3 - As captações devem possuir uma adequada protecção sanitária, destinada a evitar os riscos de inquinação da água captada, tendo-se definido para o efeito zonas de protecção próxima e zonas de protecção à distância.
4 - As zonas de protecção são non aedificandi e definem-se do seguinte modo:
Para as zonas de protecção próxima, por uma faixa de 20 m de largura envolvente à captação;
Para as zonas de protecção à distância, por uma faixa de 100 m de largura envolvente à captação.
5 - As zonas de protecção definidas no número anterior poderão ser alteradas por decisão da Câmara Municipal em função da natureza geológica do solo.

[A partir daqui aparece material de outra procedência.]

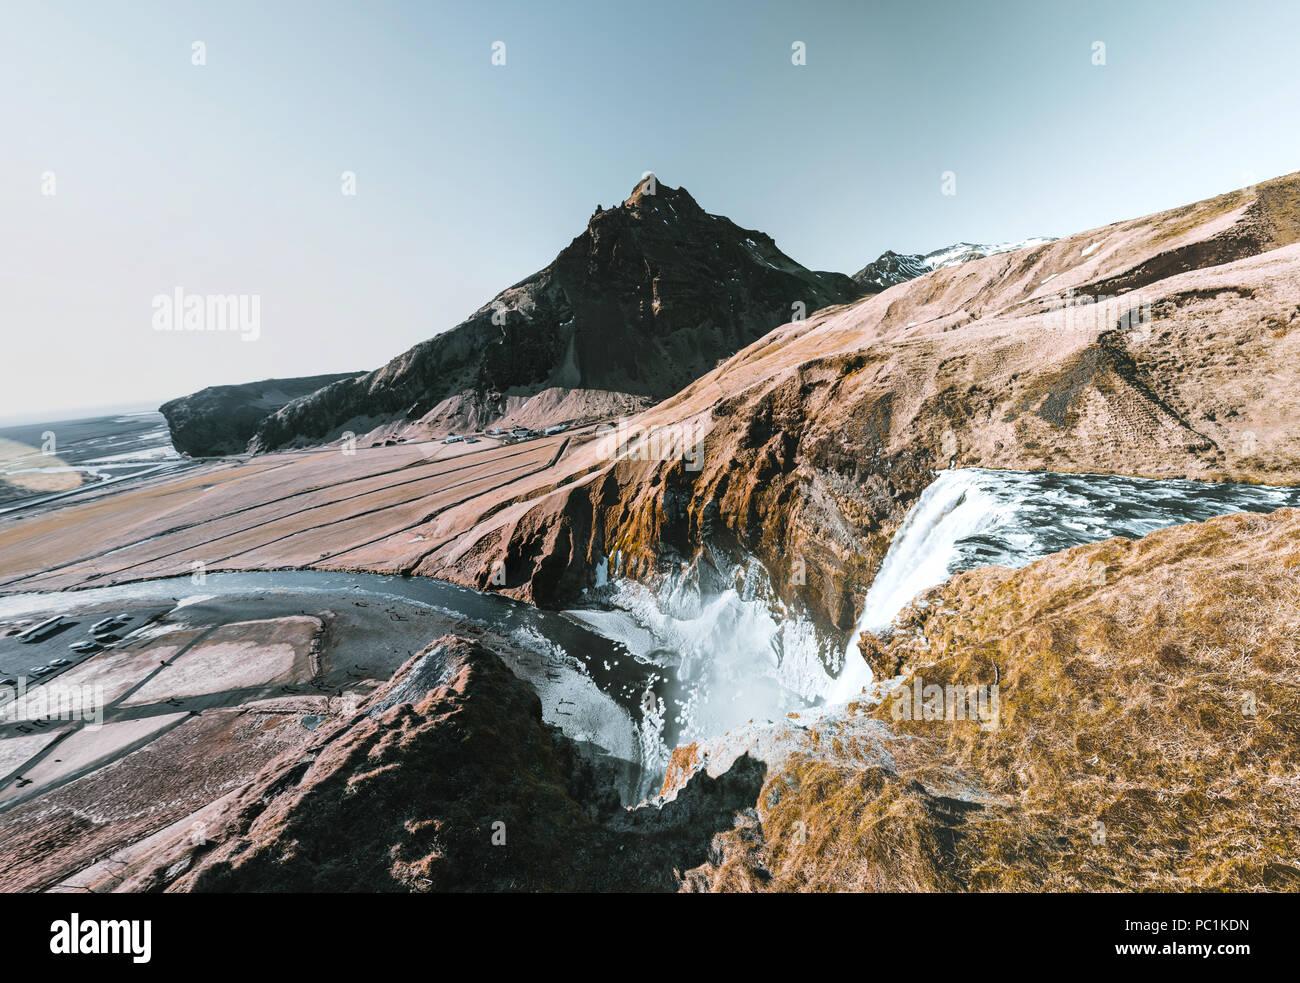 Islandia fantásticas vistas del paisaje con río y montaña con cielo azul, en un día soleado. Imagen De Stock

6 - Nas zonas de protecção próxima não podem existir:
Depressões onde se possam acumular águas pluviais;
Linhas de água não revestidas, que possam originar infiltrações, sem prejuízo da salvaguarda do disposto e legislação específica;
Caixas e caleiras subterrâneas de tubagens e acessórios sem esgoto devidamente tratado;
Canalizações, fossas ou sumidouros de águas negras;
Edificações, excepto as pertencentes ao próprio sistema;
Culturas adubadas, estrumadas ou regadas.
7 - Nas zonas de protecção à distância não podem existir:
Sumidouros de águas negras abertos na camada aquífera captada;
Outras captações na mesma camada aquífera, desde que prejudiquem a quantidade ou as condições sanitárias da água captada;
Regas com águas negras e acções de adubação dos terrenos;
Instalações pecuárias, nitreiras, estábulos ou matadouros;
Depósitos ou estações de tratamento de resíduos sólidos;
Indústrias que possuam efluentes nocivos, independentemente dos dispositivos antipoluentes que possam dispor.
Artigo 119.º — Condutas adutoras e distribuidoras
1 - As condutas adutoras destinam-se ao transporte, quer gravítico quer por elevação mecânica, de água para abastecimento dos aglomerados populacionais.
2 - As condutas distribuidoras destinam-se ao transporte gravítico de água para abastecimento dos aglomerados populacionais.
3 - Para as condutas adutoras e distribuidoras com diâmetros superiores a 200 mm fica reservado um espaço canal non aedificandi com 6 m de largura, correspondente a 3 m para cada lado do eixo das respectivas condutas.
4 - Para as condutas adutoras e distribuidoras com diâmetros iguais ou inferiores a 200 mm fica reservado um espaço-canal non aedificandi com 4 m de largura, correspondente a 2 m para cada lado do eixo das respectivas condutas.
Artigo 120.º — Reservatórios e centrais elevatórias
As zonas de protecção sanitária dos reservatórios e das centrais elevatórias correspondem a uma faixa envolvente non aedificandi com 15 m, vedado e de acesso condicionado.
Rede de saneamento
Artigo 121.º — Caracterização
A rede municipal de esgotos integra a rede de colectores, interceptores, condutas elevatórias, centrais elevatórias, estações de tratamento e dispositivos de descarga final e encontra-se identificada na carta da rede de saneamento.
Artigo 122.º — Rede de esgotos e interceptores e condutas elevatórias
1 - A rede de colectores integra os sistemas públicos de drenagem de águas residuais domésticas, industriais e pluviais provenientes das edificações ou da via pública e tem por finalidade assegurar a sua condução a destino final adequado.
2 - Os interceptores têm por finalidade a recolha dos efluentes que derivam das várias redes de colectores e a sua condução até à estação de tratamento ou destino final.
3 - As condutas elevatórias têm por finalidade a condução de esgoto sob pressão, desde a central elevatória até à caixa de visita, a partir da qual será transportado graviticamente.